What Hogan is getting at is that he can switch the persona on and off at will, that the things he does or says as Hulk Hogan are not the same as the things he does or says as Terry Bollea. Which brings us to a moment of dubious truthfulness that should have been familiar to any wrestling fan who’s paid attention to Hogan’s interviews over the years.

When asked about his famous claim that he didn’t know if Andre the Giant would let him win during their famed Wrestlemania III bout, Hogan doubled down under oath that no, he didn’t know. This absolutely beggars belief. Without being privy to the backstage scene, there is no way that Vince McMahon, Andre and Hogan would have gone into the biggest match in history in front of the biggest crowd in American wrestling history without knowing the ending. That is not how pro wrestling works.

So if that’s not true, Terry Bollea might have committed perjury. Except maybe he didn’t. Maybe Hogan did. This gets to the crux of the problem with kayfabe of the old style: Hogan/Bollea doesn’t always seem to know what’s real and what’s not. Throughout his career, he’s lied effortlessly and endlessly. To hear Hogan tell it now, however, he has an out. Bollea doesn’t lie. He’s virtuous and humble. But Hogan? That Hogan is a real bad guy, vain, deceptive, loud, boastful.

You can see this pattern in lots of Hogan’s contemporaries. Listen to any interview with Ric Flair or members of the Four Horsemen, his legendary stablemates. They lived the life of hot cars, fast women, and cocaine they boasted of on television. Flair, especially, is quite open about it. He spent money like water to keep up the appearance, 24/7, of being the Nature Boy. To drop it was unthinkable enough that Flair, arguably the greatest wrestler of all time, left crippling debt and failed marriages in his wake.

When Iron Sheik and Hacksaw Jim Duggan got popped for DUI and drugs while riding together in 1987, the worst sin wasn’t the drug use but the fact that the arrest broke kayfabe. Haku is a tough guy in ring and out, but only the pressures of kayfabe explain attempting to bite someone’s nose off. Jake the Snake Roberts admits in the recent documentary about his recovery from drug addiction that the pressure to be “on” at all times was sometimes too much.

Kayfabe is decidedly weird. There’s no other way to put it than to say that being in character all the time warps a person’s sense of reality. Real becomes unreal, you lose sight of who’s underneath, who’s doing the boasting and shit-talking, until person and character fuse. Forget Jared Leto’s overwrought posing about how being the Joker took him to strange places; pro wrestlers are the real method actors. They can and do die for their craft, a craft that seems, particularly in the old days, wedded to losing yourself. The thing that occludes memory and sense is the same thing that makes pro wrestling so vital.

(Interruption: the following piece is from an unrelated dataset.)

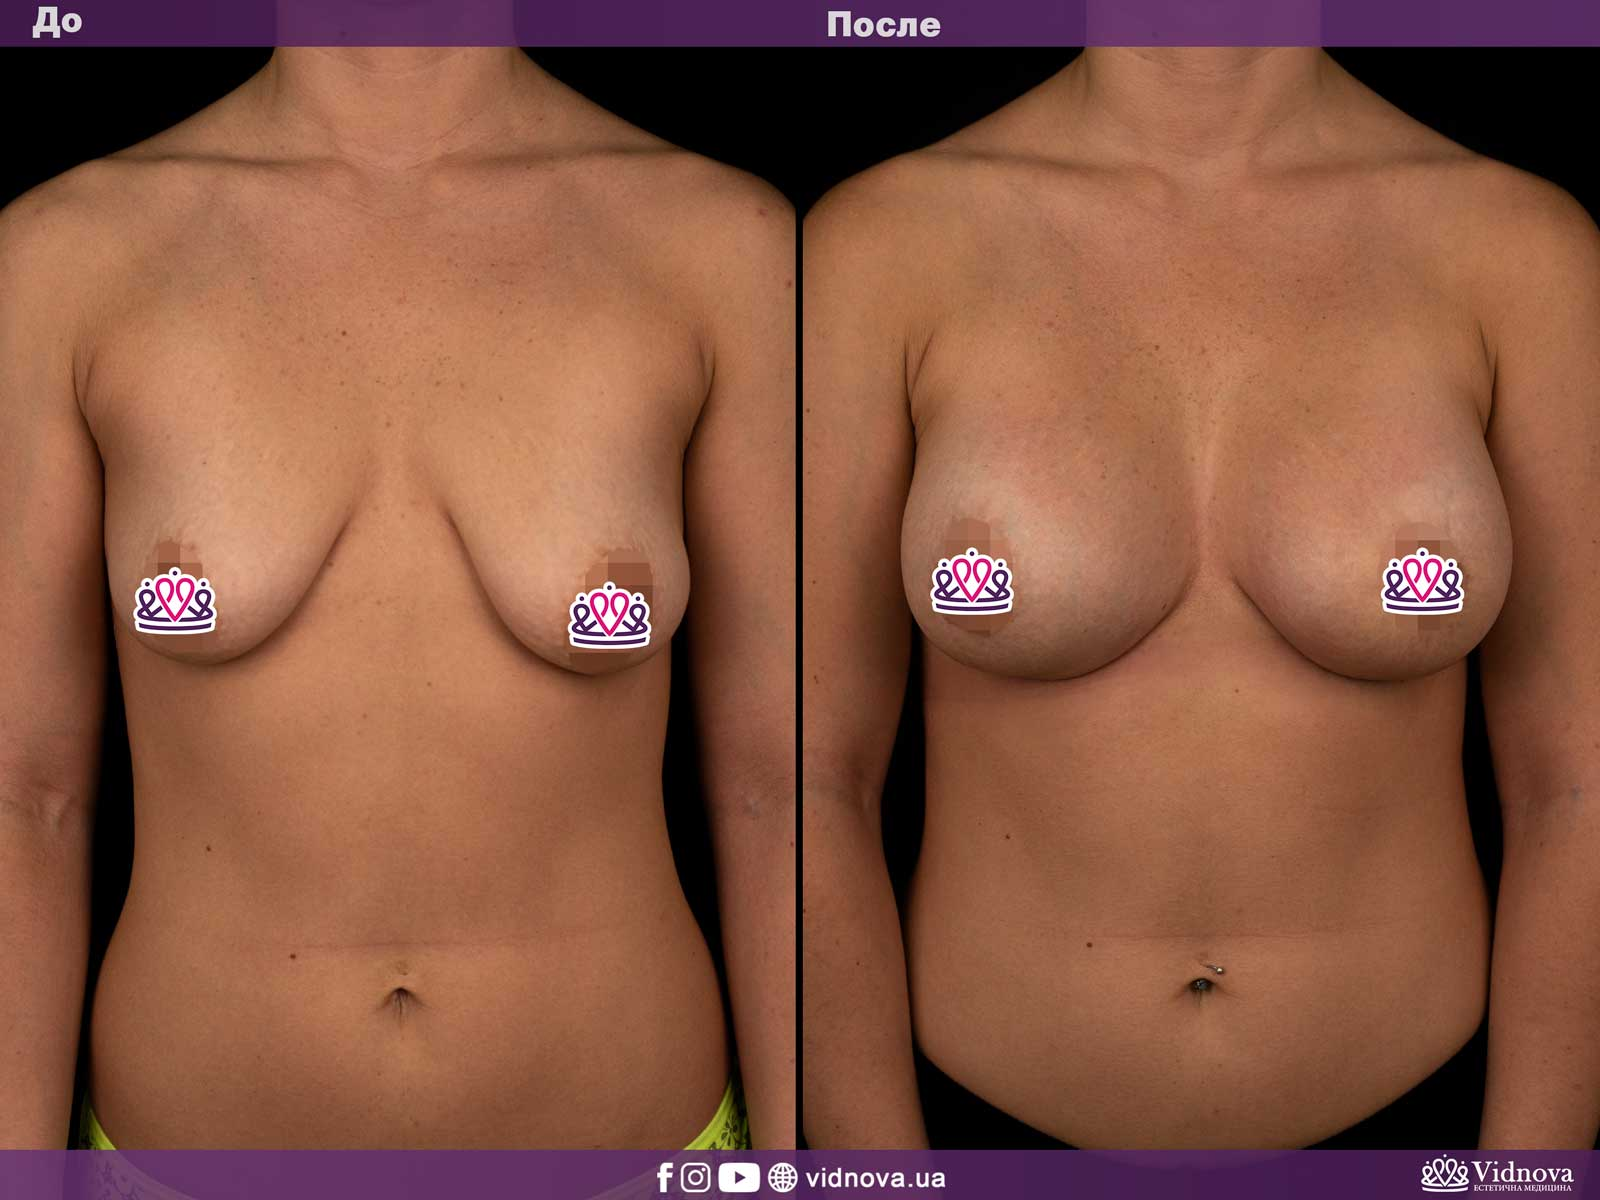 Подтяжка груди: Фото ДО и ПОСЛЕ - Пример №6-1 - Клиника Vidnova

So back to Hulk Hogan’s penis. There’s a split second in the clip where Gawker’s lawyer registers surprise at Hogan’s answer, as if he can’t quite believe what he’s hearing. Actors can do amazing things; changing the size of their genitalia at will is not one of them. Regardless of who’s speaking, the man’s penis is the same size.

But that’s not how the misty, strange world of pro wrestling works. If the lawyer was surprised, that’s only because we’ve sublimated how deeply weird wrestling’s intersection of real life and vaudeville melodrama really is. Hogan can say nearly anything and it will be true by definition. Wrestlers cannot lie because the unrealities they weave are too good to not be true.


Ian Williams has written for Salon, Jacobin, The Guardian and more.